E. Ethics and reasoning
-
† The 2015 FBI hair review found systematic overstatement "at the most prestigious forensic laboratory in the country," not at a disreputable one. Using the Cognitive-Bias Watch in §19.3 (and previewing Chapter 31), explain why the prestige of the lab makes the scandal more instructive about cognitive bias, not less. Name the missing safeguard that would have caught the drift.
-
The §19.1 Cognitive-Bias Watch says "a 'match' that your own laboratory manufactured is worse than no evidence at all." Explain the reasoning, and describe the concrete collection-and-examination practices the callout prescribes to prevent it.
-
You are asked to testify that a hair "individualizes" a defendant the way DNA individualizes a person. Explain why you should decline, and state precisely what you can honestly say about a hair from a visual examination instead.
-
An examiner privately means only "consistent with" but, on the stand, uses the word "match" because the prosecutor and the jury understand it more easily. Explain why §19.3 treats this as a forensic failure even when the examiner is not lying, and connect it to Theme 4 (the CSI effect cutting both ways).
-
The review "faulted the testimony, not necessarily the verdicts." Construct the ethical argument for why overstating weak evidence is wrong even when the defendant turns out to be guilty. Why is "he did it anyway" not a defense of the overstatement?

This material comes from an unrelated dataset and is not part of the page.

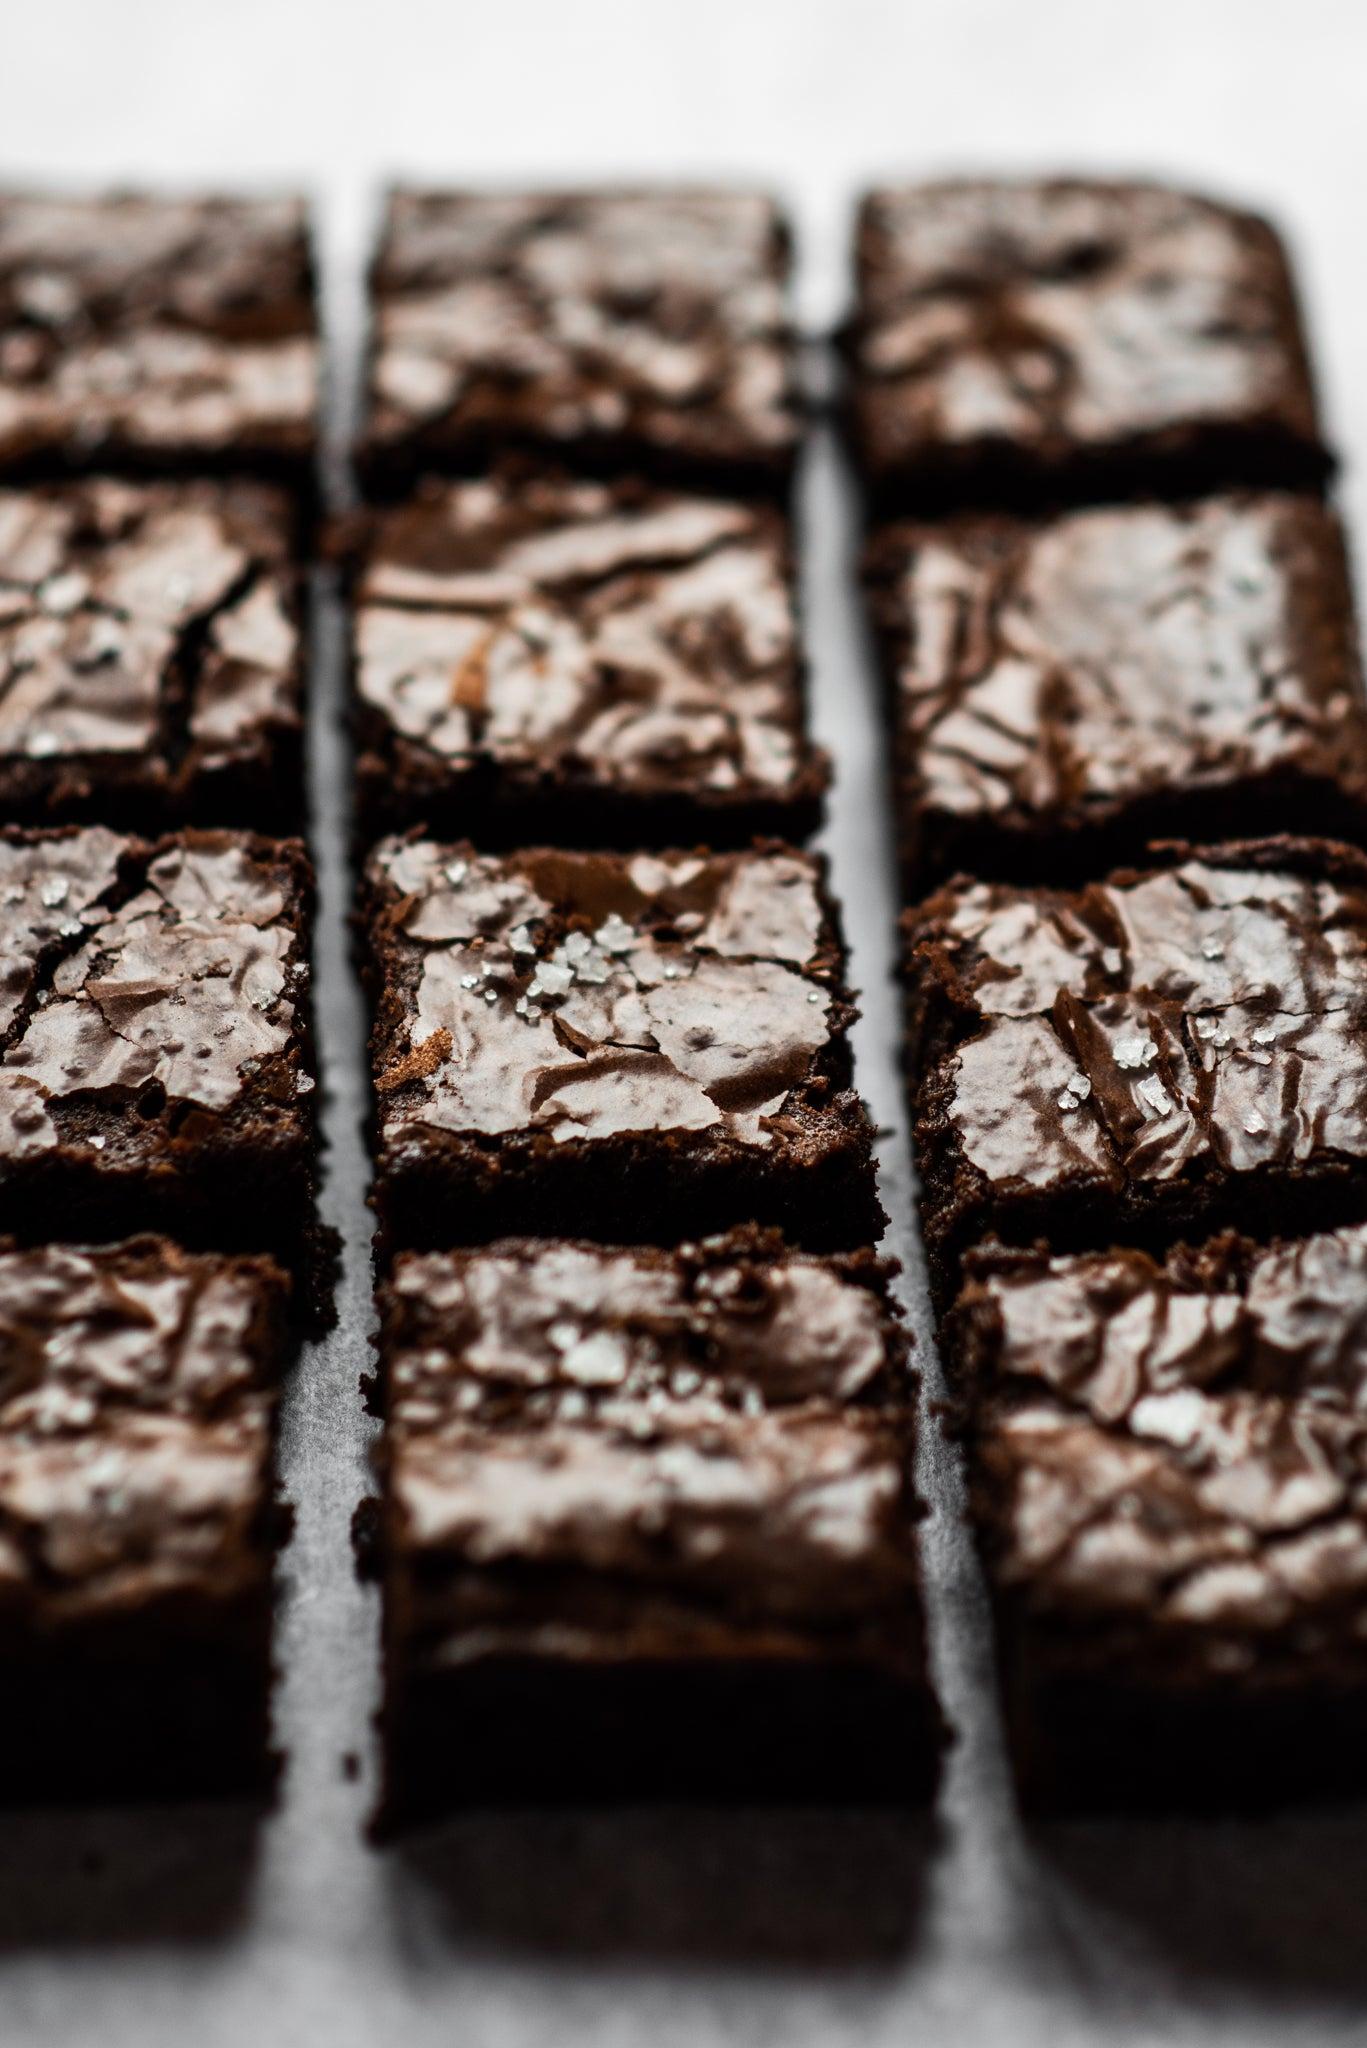 Close up of a gooey chocolate brownies sprinkled in sugar

F. Synthesis and validity spectrum
-
† Place these four methods, justifying each, on the NAS 2009 / PCAST 2016 validity spectrum (strong → discredited): single-source nuclear DNA (Chapter 7); honest fiber comparison (this chapter); microscopic hair comparison for association with a person (this chapter); bite-mark comparison (Chapter 16). Explain in one sentence why fiber and hair sit so far apart even though "both are class evidence under the same microscope."
-
Explain why the chapter calls the comparison microscope "the perfect emblem of the whole chapter." What is the single sentence (paraphrase it) that captures why the tool was never the problem?
-
In one paragraph, explain how this chapter advances at least two of the book's four themes (exclusion over proof; the validity spectrum; cognitive bias; the CSI effect cutting both ways). Name which themes and how.
-
The chapter argues that "a method with no measured error rate, operated inside a system that knows the answer it wants, will drift toward that answer and call the drift science." Show how this single sentence connects the hair scandal (§19.3) to the fingerprint chapter's Brandon Mayfield case (Chapter 14) and to the bias chapter (Chapter 31).
G. Cold-case extension
-
† Cold Case. Using only what the trace evidence in this chapter's Case File establishes (the fibers and the hair), write the two entries you would add to the Mill Creek evidence log (Appendix I). For each item state (a) the defensible inference at its true strength, (b) the honest verb, (c) at least two things the item specifically does not establish, and (d) why you decline to attach Roy Keller's name to it as a conclusion at this stage.
-
Cold Case extension. The Case File notes what would strengthen the trace. Propose, for the fibers and for the hair separately, one concrete additional finding that would honestly increase the weight of each association, and explain what each would add and why.
-
Cold Case, integrative. The chapter says, "in 1995, this hair might have 'matched' Roy Keller, and that sentence would have been a lie. In our file, it does not." Explain what the post-2015 examiner did differently with the same hair, and name the two later chapters whose evidence (not the hair) would actually be needed to tie a person to the cabin.
H. Short writing
-
In 150–200 words, explain to a juror why a hair on a victim's body "sounds like proof" but, by visual examination alone, usually is not — and what single thing (from Chapters 7–8) can change that.
-
† In 150–200 words, contrast the validity foundations of honest fiber comparison with those of microscopic hair comparison: what does each rest on, where is each strong, and why did one discipline learn to state its conclusions at their true strength while the other, for decades, did not?